Now these people are laughing at me, too.

He began to regret getting a sandwich. He should have just asked some questions, sniffed around the edges for obvious sabotage fodder. He should have put a concealed camera in a hat like the
Nightline
guys did. That way, he could have gotten some damning evidence and could have come back, confronted Philip, and said,
Why don’t you just have a seat over there?
Then he could have laid out his evidence and nailed him to the wall with it.

Gotcha.

Gotcha.

But no. Now he was in the place’s vortex again, and things were going bad fast.

He’d already paid for the sandwich. He’d have to wait; he wouldn’t give them the satisfaction of running off without it. As soon as it was ready, though, he would go. This time, Bingham’s had won. Bingham’s was going to be a tough nut to crack. Bingham’s, it seemed, was not going to be poop-jar easy.
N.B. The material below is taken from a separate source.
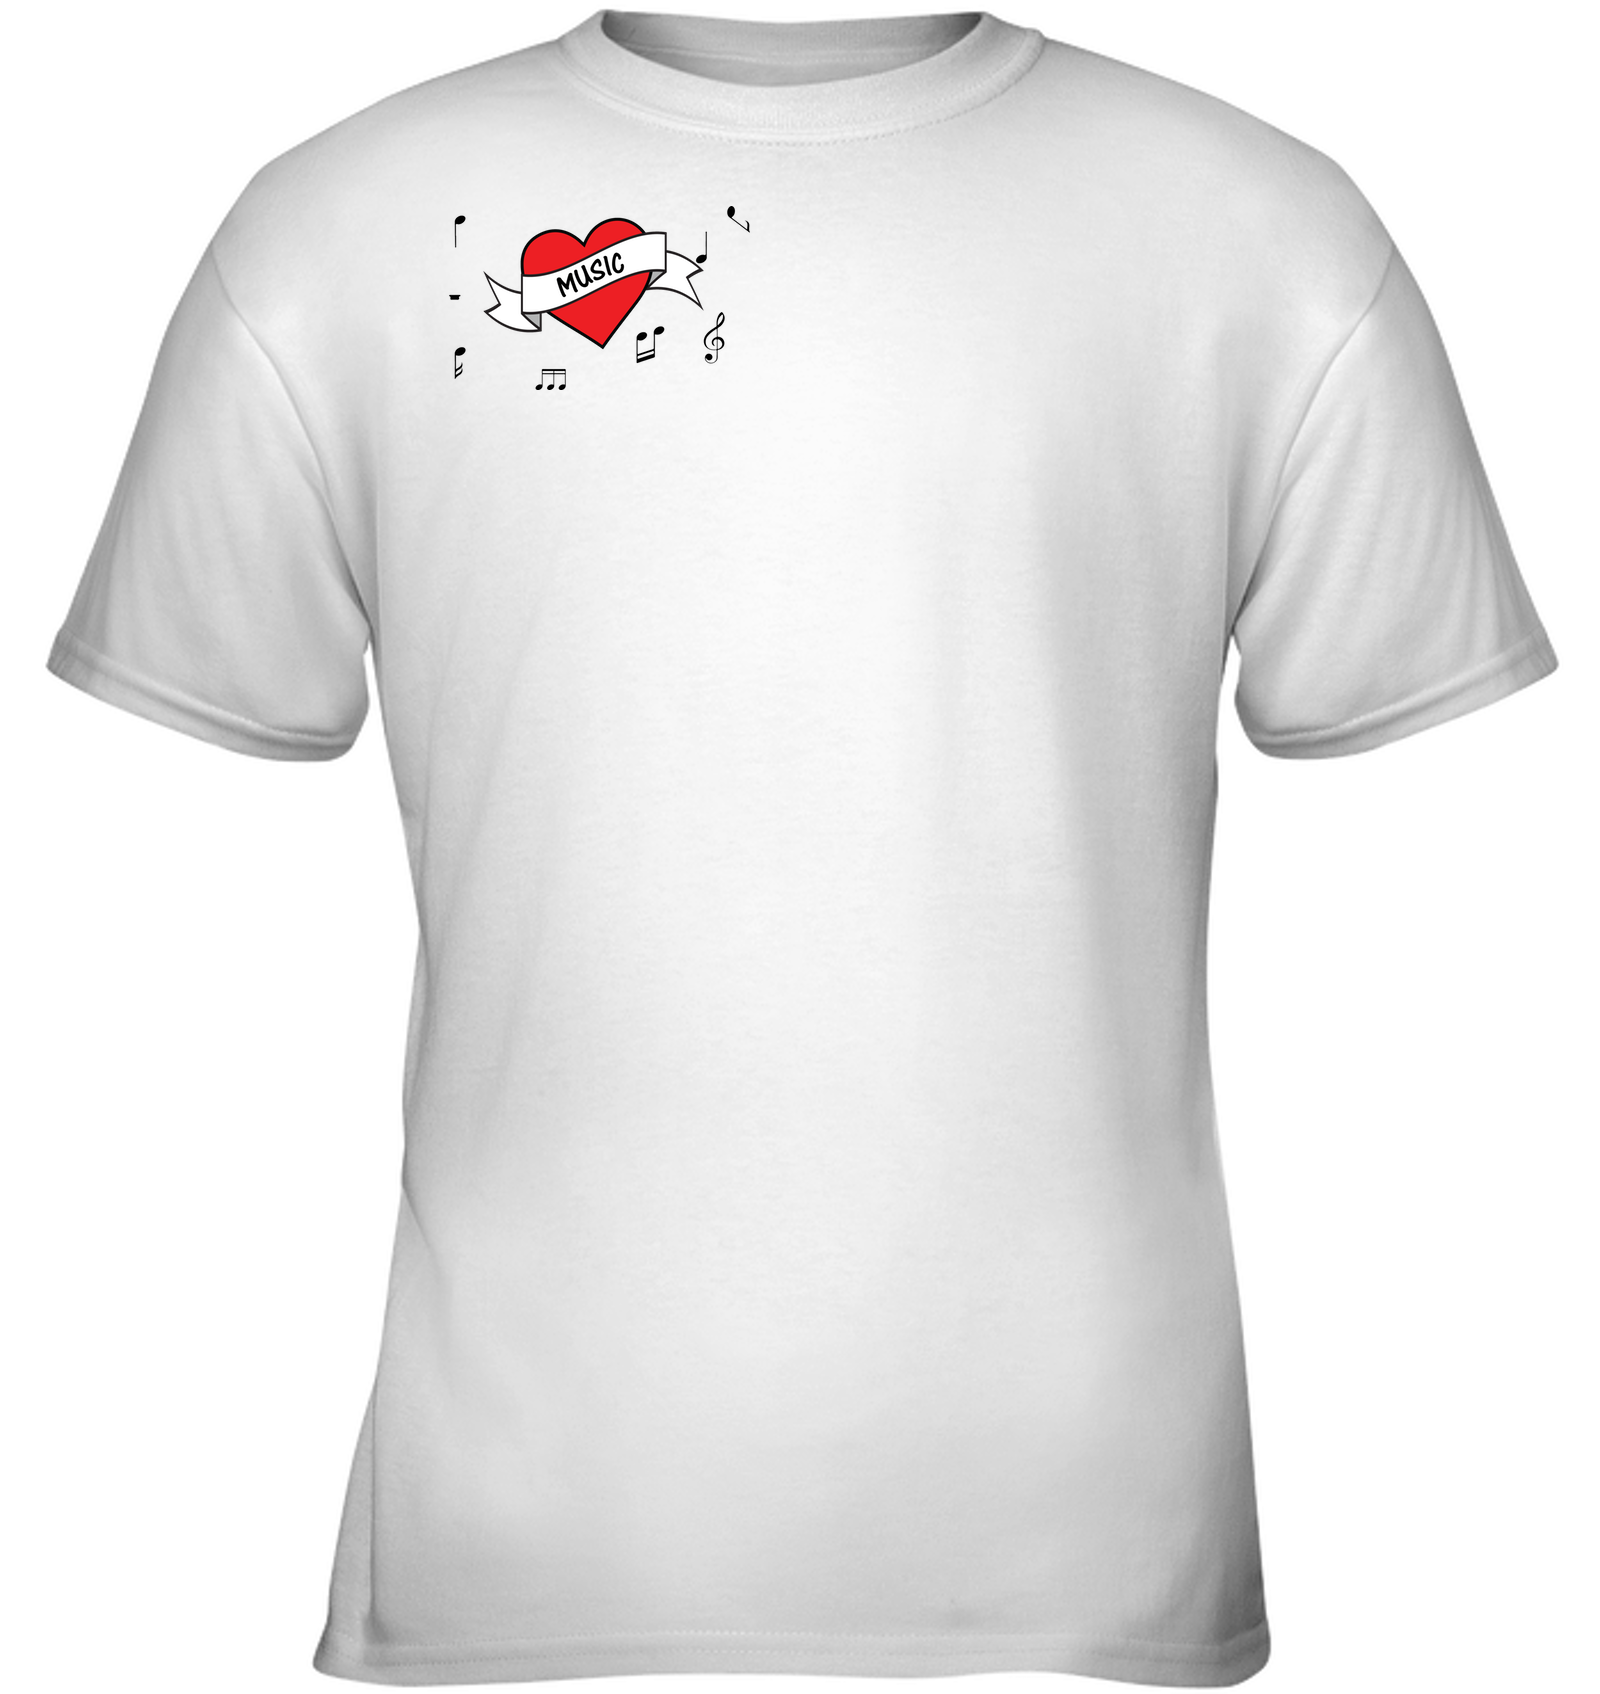 Musical Heart (Pocket Size) - Gildan Youth Short Sleeve T-Shirt

Few things were poop-jar easy anymore in this increasingly unstable world.
 

He took another puff on his joint.

One of the Law School Posse jarred Captain Dipshit’s right shoulder in the middle of a diatribe about a professor who was surely a huge faggotty faggot who was involved in all sorts of faggotry. (The notion that this last was a low-brow, low-breeding form of faggotry was, of course, implied and understood by the hive mind.)
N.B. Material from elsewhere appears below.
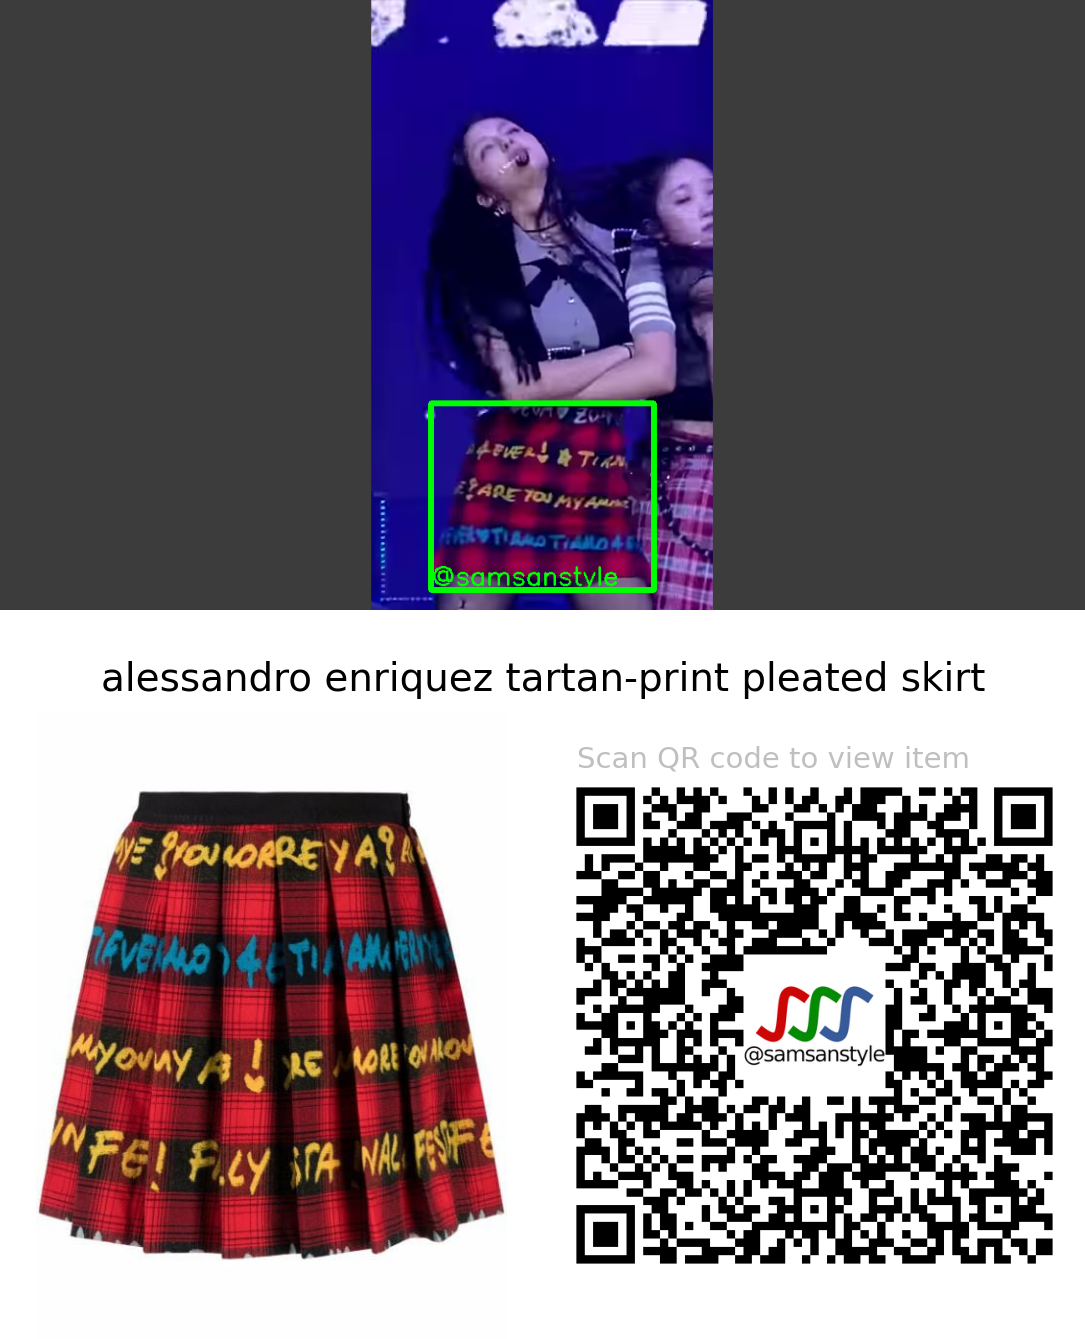 LAPILLUS Chanty | HIT YA! Mnet M Countdown | alessandro enriquez tartan-print pleated skirt

Captain Dipshit’s joint fell to the floor, and the apparent alpha of the Posse (a plump, cocky young man that Philip simply referred to as “Super Ass”) stooped to pick it up. Then he smiled at the Captain.
 

“Why hello there, young lady,” he said. “Can I have a puff off of your... cigarette?”
 

Captain Dipshit snatched it back.
 

“No need to get testy,” he said, his mouth pursing.

Captain Dipshit started to reply, but Roger chose that moment to begin laughing for no reason whatsoever.

 
The Anarchist slid a paper bag onto the counter and said, “Here’s your bagel. I didn’t wipe my nose on it. I can, though, if you’d like.”

“Did you cut it in half?” said Captain Dipshit.
 

The Anarchist felt the hairs on the back of his neck stand up. This was among the most offensive of the Anarchist’s many unfair and unfounded pet peeves. Other peeves were: not picking up your bagel when you were called, commenting on sandwiches that weren’t yours, commenting on your own sandwich, making special requests, leaning over the counter to watch a bagel being made (known as “vulturing” – the most egregious among the peeves), asking questions about the food, changing a bagel or cheese choice spontaneously (which usually required vulturing), commenting on how busy the restaurant was, commenting on the music, singing along with the music, making music requests, drumming on the counter, placing money on the counter instead of handing it to the cashier, not tipping, tipping the one-cent change from a 99-cent item, opening a sandwich at the counter, bringing a sandwich back to the counter with a comment, bringing a sandwich back to request an additional free item like lettuce, bringing a sandwich back to request a paid topping like sprouts, asking what made sprouts so fucking special over lettuce that the former cost money and the latter did not, making jokes about having “a lettuce on lettuce with lettuce” sandwich to save money, announcing that charging for sprouts was criminal (“they come from the earth, man”), smelling like patchouli, smelling like B.O., being a hippie, commenting on the color of the avocado, asking what was on an everything bagel, asking what the workers’ favorite sandwich was, taking too long to order, ordering a DIY bagel and not starting by announcing which kind of bagel it would be on, breathing too hard, and existing.